Individuals in families with Lynch syndrome are trusted with a large and complex information burden, which can be questioned since dissemination of information occurs through routes and methods determined by family members and is sensitive to personal interpretations and misunderstandings. Communication plays a significant role in managing life at increased risk of cancer and is likely linked to participation in surveillance programs and thereby to the possibilities of reducing morbidity and mortality from colorectal cancer [11,21-25]. Misconceptions were identified among both carriers and non-carriers and were related to children’s risks and the outcome of genetic testing. Since misunderstandings can be resolved by updated information, continued contact with the families related to risk estimates and surveillance may be useful. Open communication has been found to facilitate the spread of information, reduce the risk of misconceptions and ease adjustment to difficult situations [26]. Experience of cancer seems to facilitate openness, which has also been observed in hereditary breast and ovarian cancer [27,28]. In contrast, poor communication is a major determinant of adverse consequences and lack of support from family members can increase vulnerability [26,29].

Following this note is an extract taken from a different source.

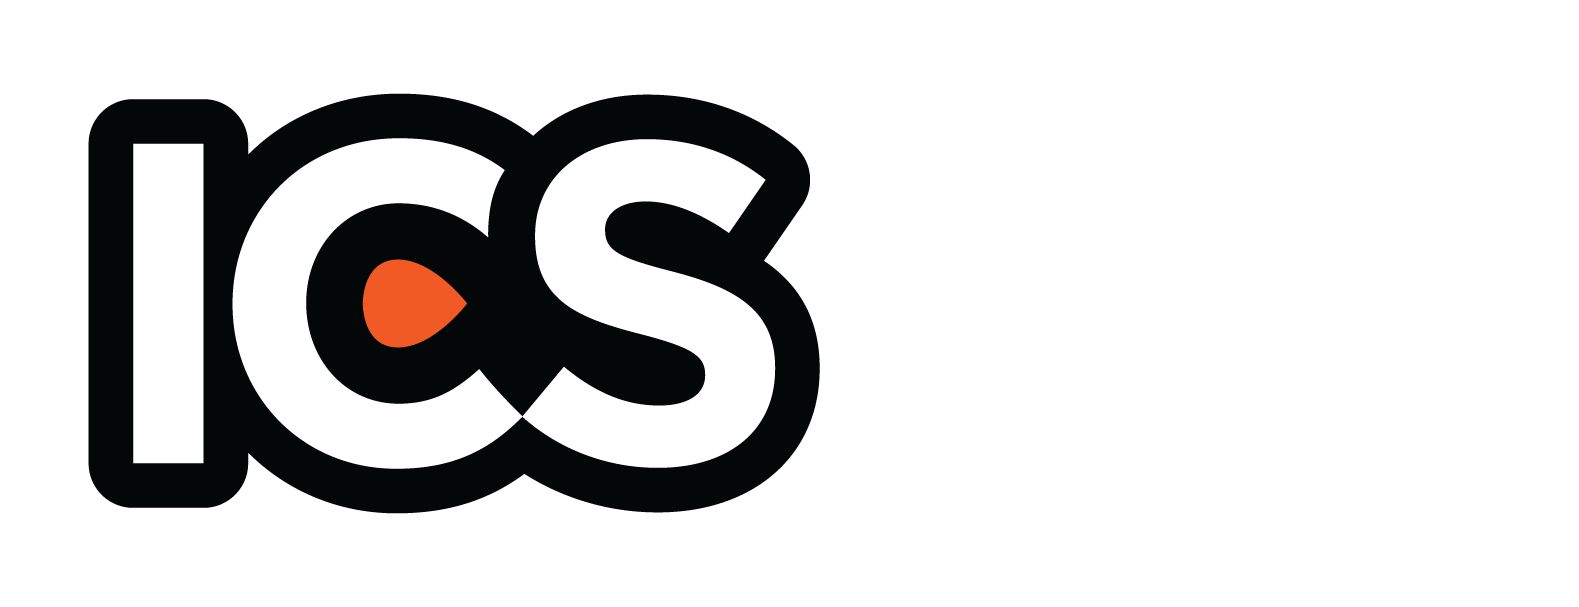 ICS Logo - ics-logo-whitetext-rgb-landscape.png – Balloon Ventures
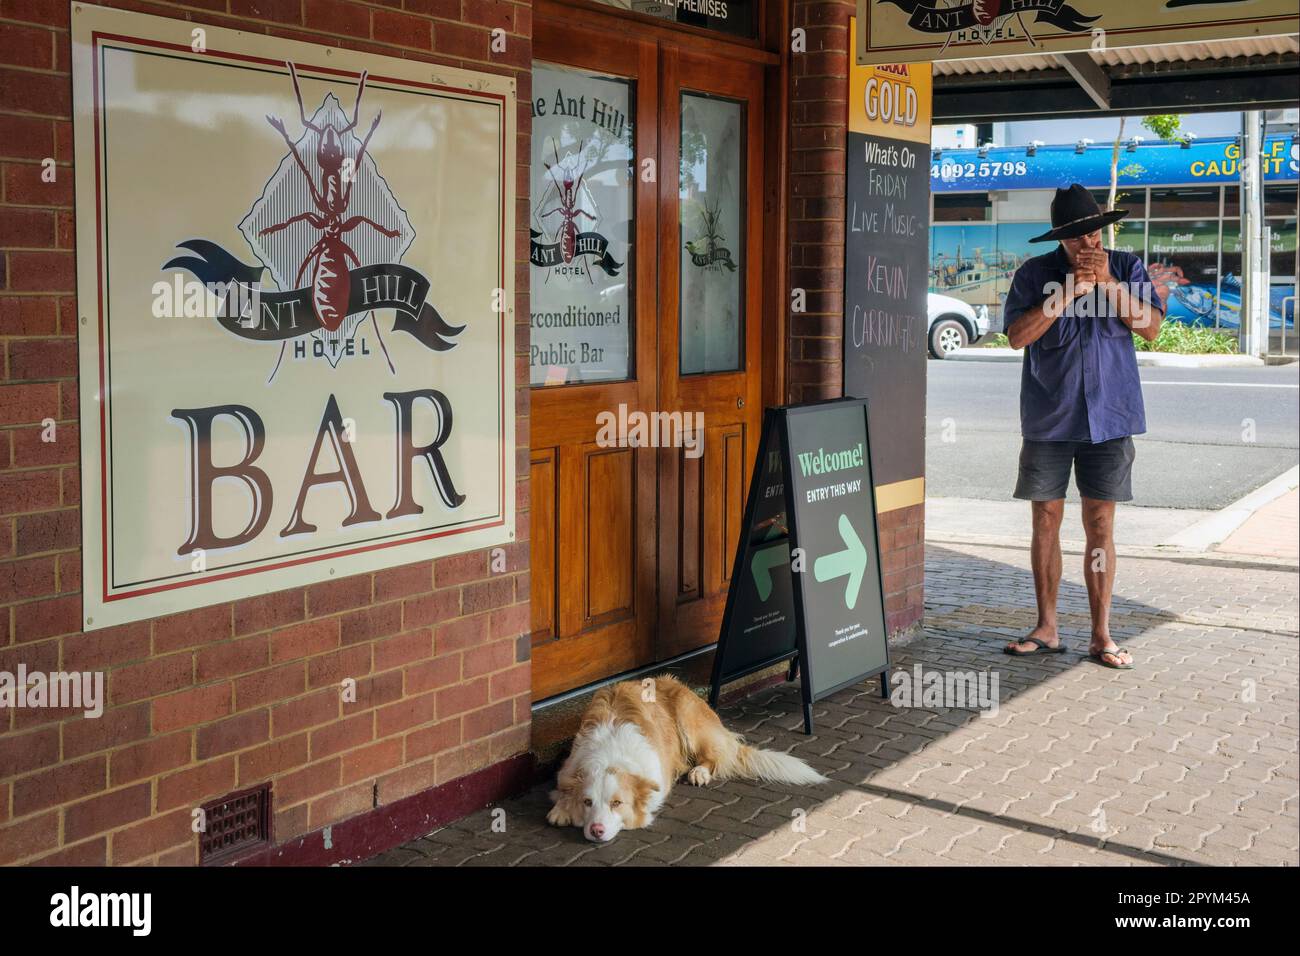 A sleepy dog and a man lighting a cigarette on a street corner in Mareeba, Queensland, Australia Stock Photo

The influence on family relationships was repeatedly referred to. Positive implications were more often described by carriers than non-carriers, which may reflect adaptation and coping [12,30]. A minority of the families reported a negative impact, including isolation and guilt [26]. Females often took on a coordinating and supportive role and may thus represent a target group for e.g. education regarding communication skills and updated information, which is consistent with observations that females are crucial in communicating genetic information [8,31].

Conclusions

Genetic counselling emphasizes the individual’s decision to undergo genetic testing and surveillance, but at the same time family relations influence information spread, coping and adherence to surveillance. Perspectives related to becoming a risk family, altered relations and impact on relations was referred to by several family members suggesting that these issues could be relevant to discuss during genetic counselling. The observation that the families are left with a large information burden, which is typically centered around a female member underlines that knowledge about hereditary cancer is sensitive to communication skills and family relations. Our findings suggest a need for updated information and education, which could also counteract the observation that families with fewer cancer cases and later age at onset tend to postpone information, which may have undesired consequences related to the efficacy of surveillance.

Competing of interest

No part of these data have been sent or published elsewhere. None of the authors have any conflicts of interest.

Author contributions

KB designed the study, interviewed the participants, analyzed the data and drafted the manuscript. MN designed the study, analyzed the data and drafted the manuscript. CC designed the study, interviewed the participants, analyzed the data and drafted the manuscript. All authors read and approved the final manuscript.

Acknowledgement

This study was supported by The Nilsson Cancer Fund and the Kamprad Cancer Fund.